I have a simple array, 20 members long, that I read a single value from, one at a time.
The array currently looks like this for testing purposes:
int PhaseTesting1Array[20] = { 1,0,1,0,1,0,1,0,1,0,1,0,1,0,1,0,1,0,1,0};
What I need to do is randomize each of the members so that each member is randomly a 1 or 0, and there is an equal amount of each (10 ones and 10 zeros) but I'm having a hard time figuring out how to do get an equal number of ones and zeros using rand
which seems to be what I should use.
CodePudding user response:
You can use std::shuffle
with a predefined vector with 10 ones and 10 zeros.

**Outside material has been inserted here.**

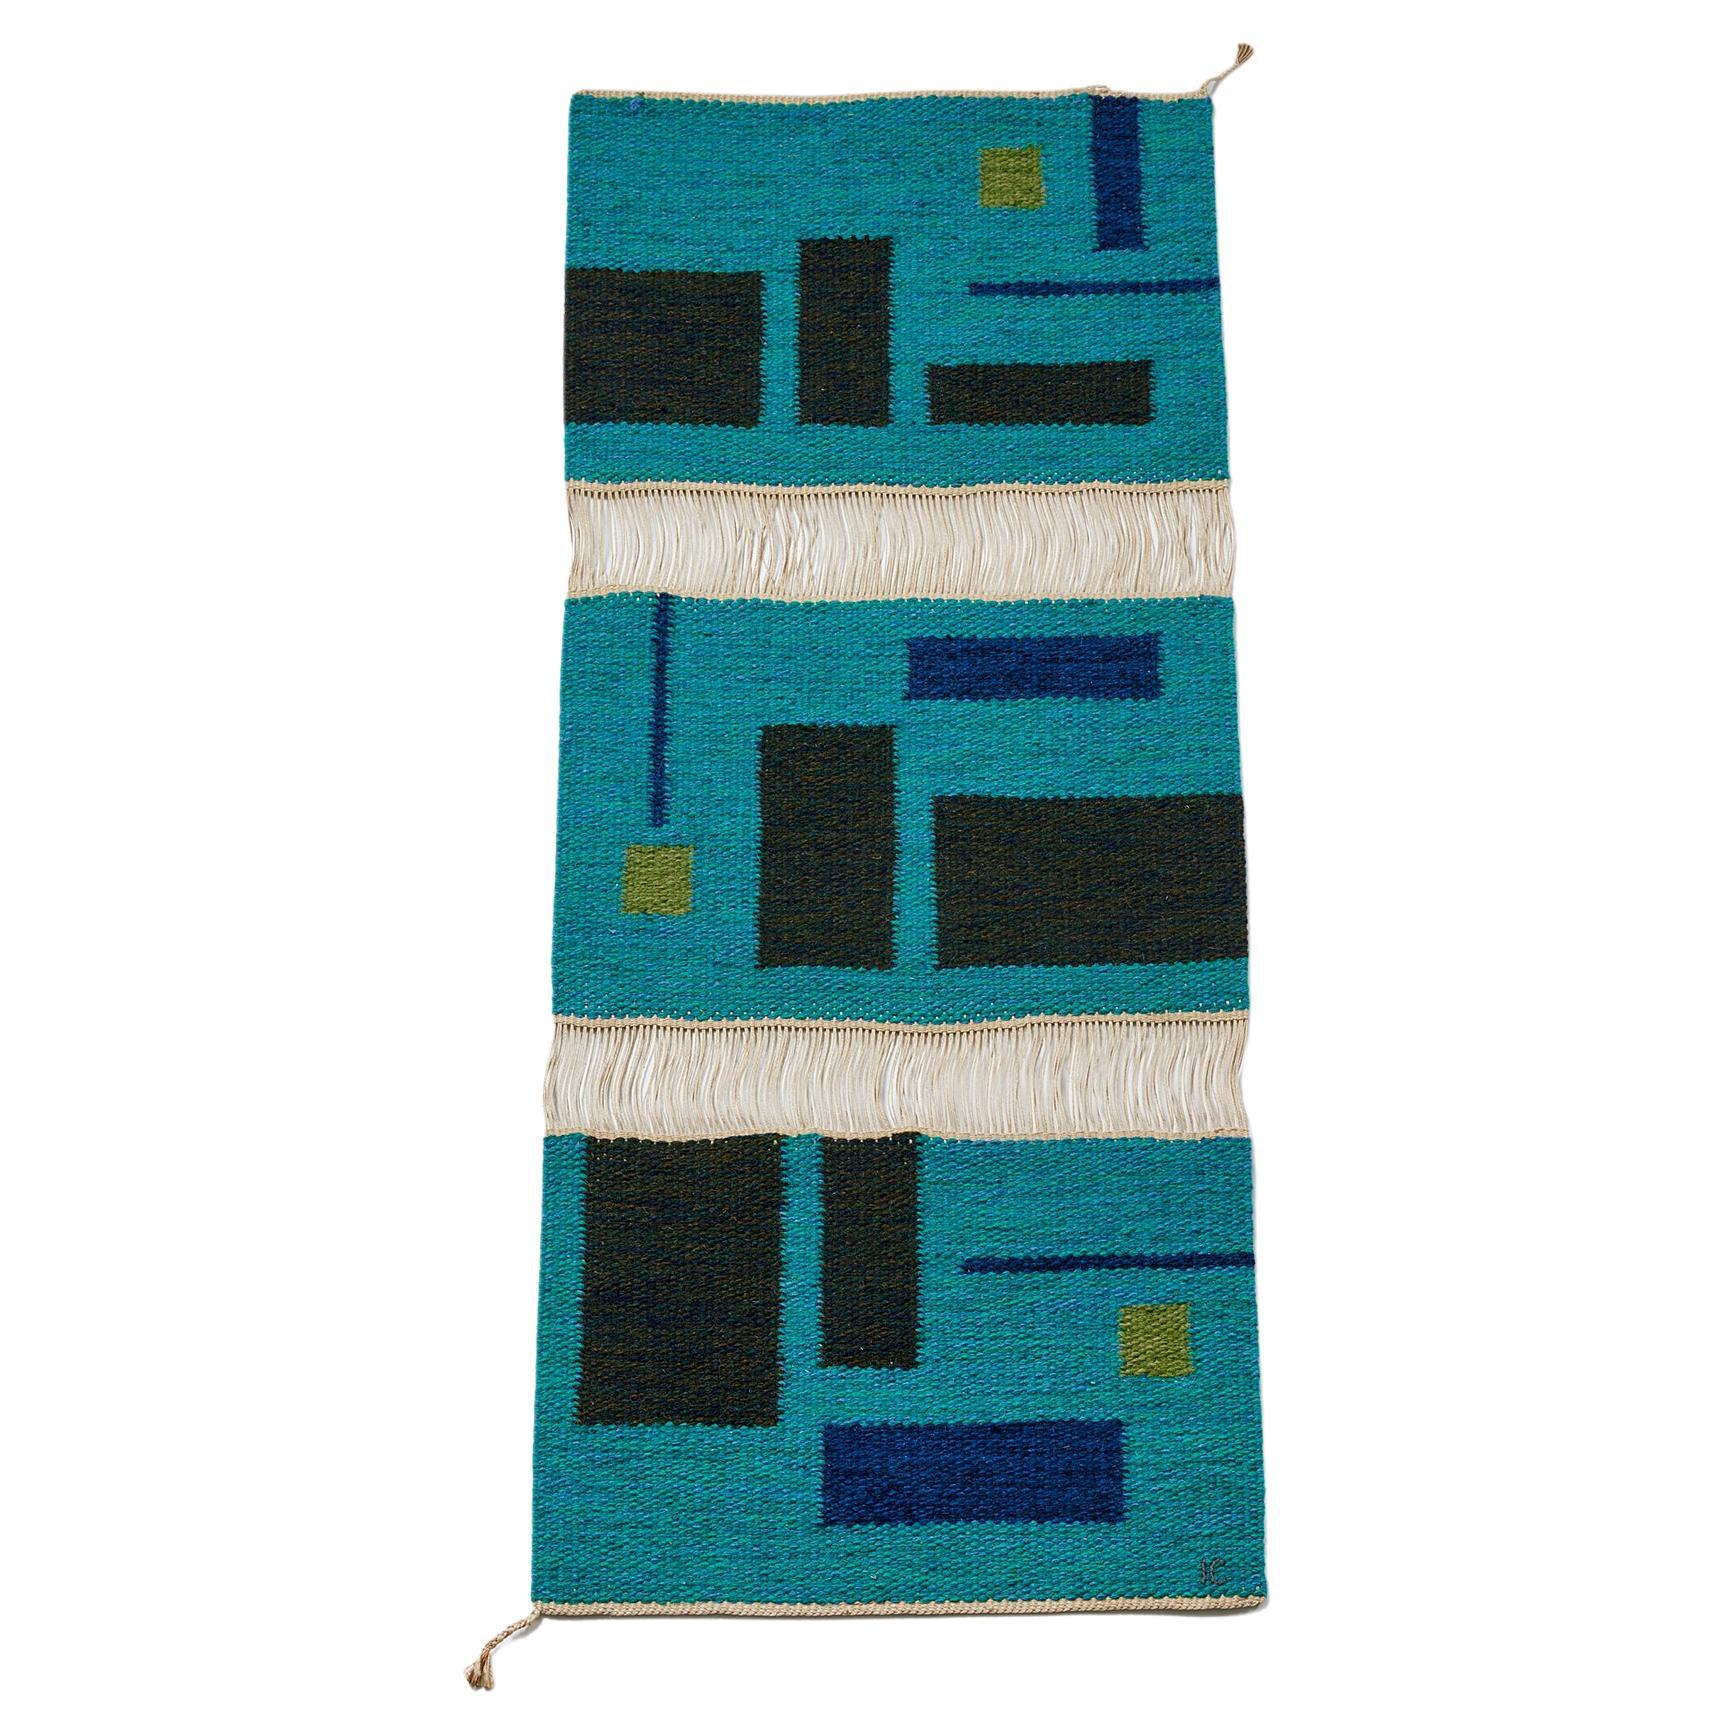 Tapestry ‘Vävnad’ Designed by Ingemar Callenberg for Gammelstads Handväveri AB For Sale

The following code is slightly adapted from cppreference.com.
#include <random>
#include <algorithm>
#include <iterator>
#include <iostream>
#include <vector>
int main()
{
std::vector<int> v = {1,1,1,1,1,1,1,1,1,1,0,0,0,0,0,0,0,0,0,0};
std::random_device rd;
std::mt19937 g(rd());
std::shuffle(v.begin(), v.end(), g);
std::copy(v.begin(), v.end(), std::ostream_iterator<int>(std::cout, " "));
std::cout << "\n";
}
You could also use std::random_shuffe(I first, I last)
without the random number distribution argument which uses rand
internally, but this is deprecated and removed with C 17.